Around the time I was applying for graduate school, I was in an open marriage. Meaning: I had a husband and a boyfriend. I didn’t appreciate my husband entirely. I did, but at the same time I didn’t. What I mean is that I didn’t appreciate the stability I had.

The whole “until it’s gone” thing. But I wasn’t happy with him. That’s part of the joke isn’t it? I don’t think I’ll ever *be* happy. Happiness should not be an end-goal because it’s fleeting, cyclic. I was stable with him. And that was more important than my happiness, and fuck it, I was happy anyway, just unsatisfied in the relationship romantically. But again, romance… am I dreaming?

My husband and I divorced so I could marry my boyfriend so that he could live with me in the US. We had a trial run my first quarter of school… bad fucking idea, lemme tell you. I was incredibly distracted, among other things. It ended up revealing how ultimately incompatible we were.

(1.5 years later, I told him to kill himself. 1.5 months ago he reached out to me.)

I had this interest in white guys with long hair for years. I blame rock bands.

Around the time I was applying for undergrad, I had just ended my most serious relationship. Meaning: He broke up with me. I didn’t appreciate my boyfriend. I did, but at the same time I didn’t. What I mean is that I cheated on him. Twice. He says it was three times.

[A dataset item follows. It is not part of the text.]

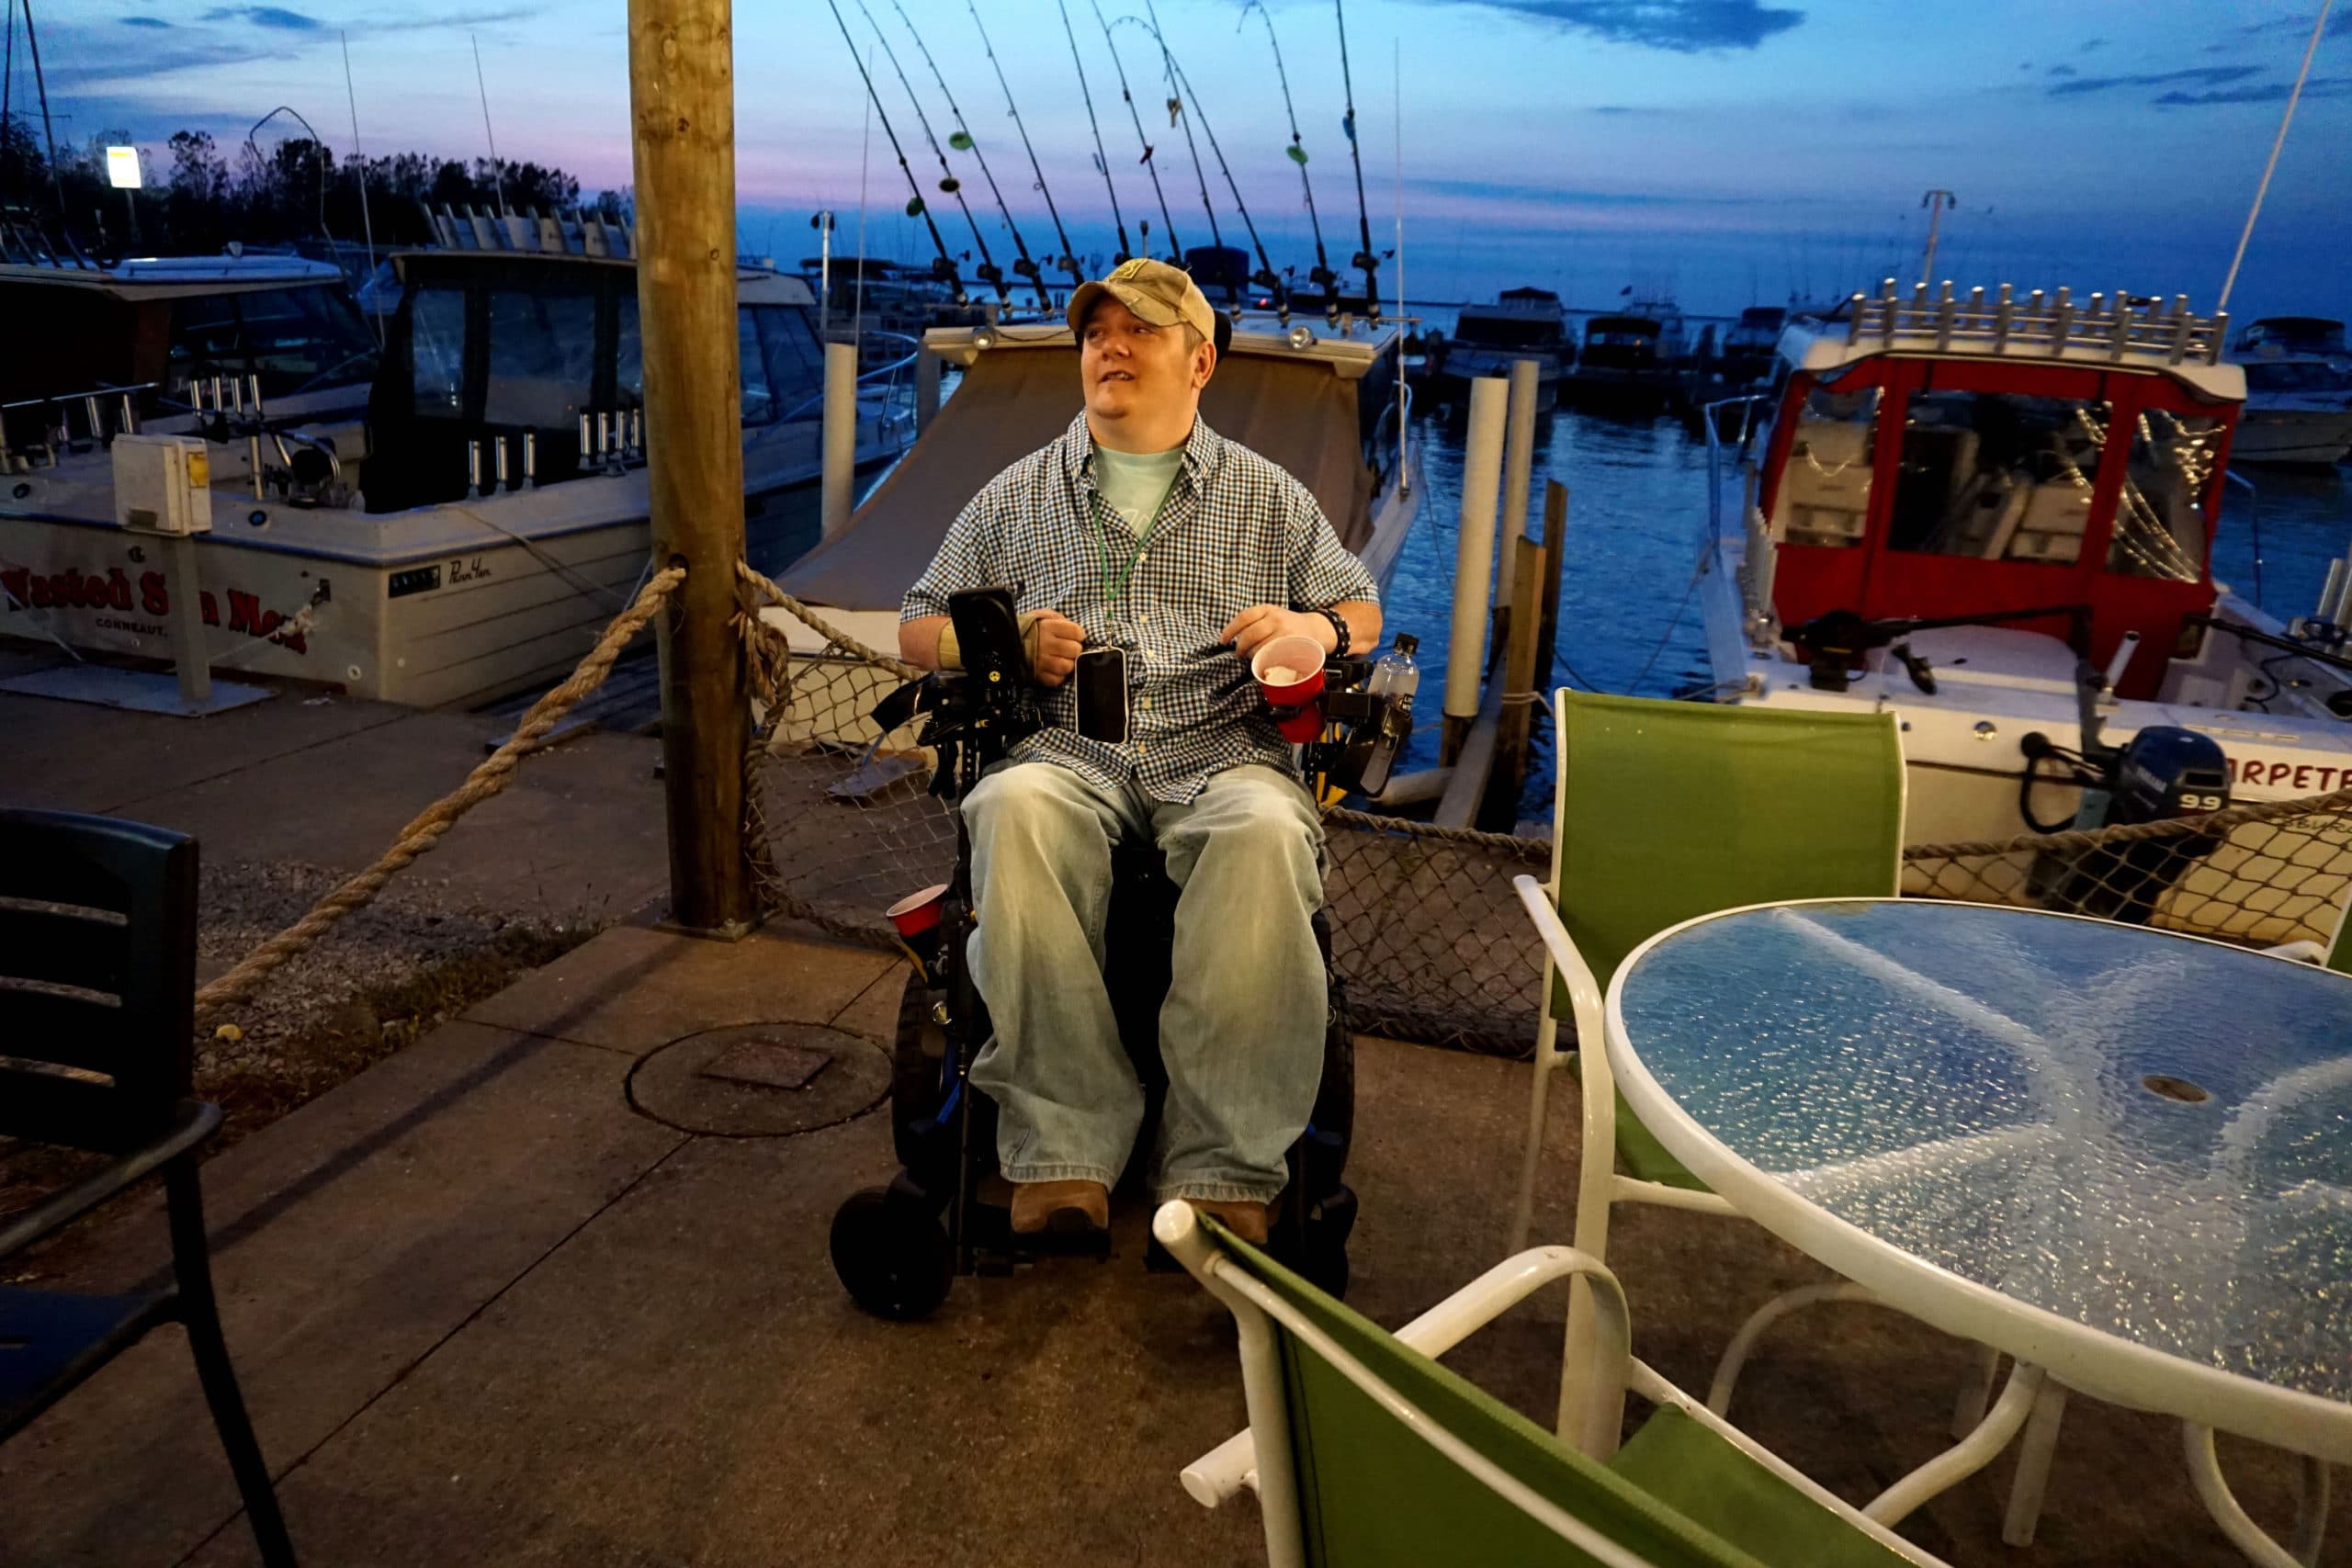 Tim sits in his power wheelchair on a dock. A lake is in the background.

The whole “grass is greener” thing. I was incredibly happy with him. Or at least high off of the oxytocin from all the fucking. We fucked a lot. We related a lot too, being on the outside looking in. And then of course, music.

My boyfriend and I broke up and he got married so he could live with his girlfriend in Germany. We were on-and-off for some months after we broke up… bad fucking idea. It ended up revealing how ultimately sex-driven we were.

(9.5 years later, we got back together. 1.5 months ago he reached for the meth pipe.)

Most of my fantasies in graduate school revolve around finding someone to study with, and under.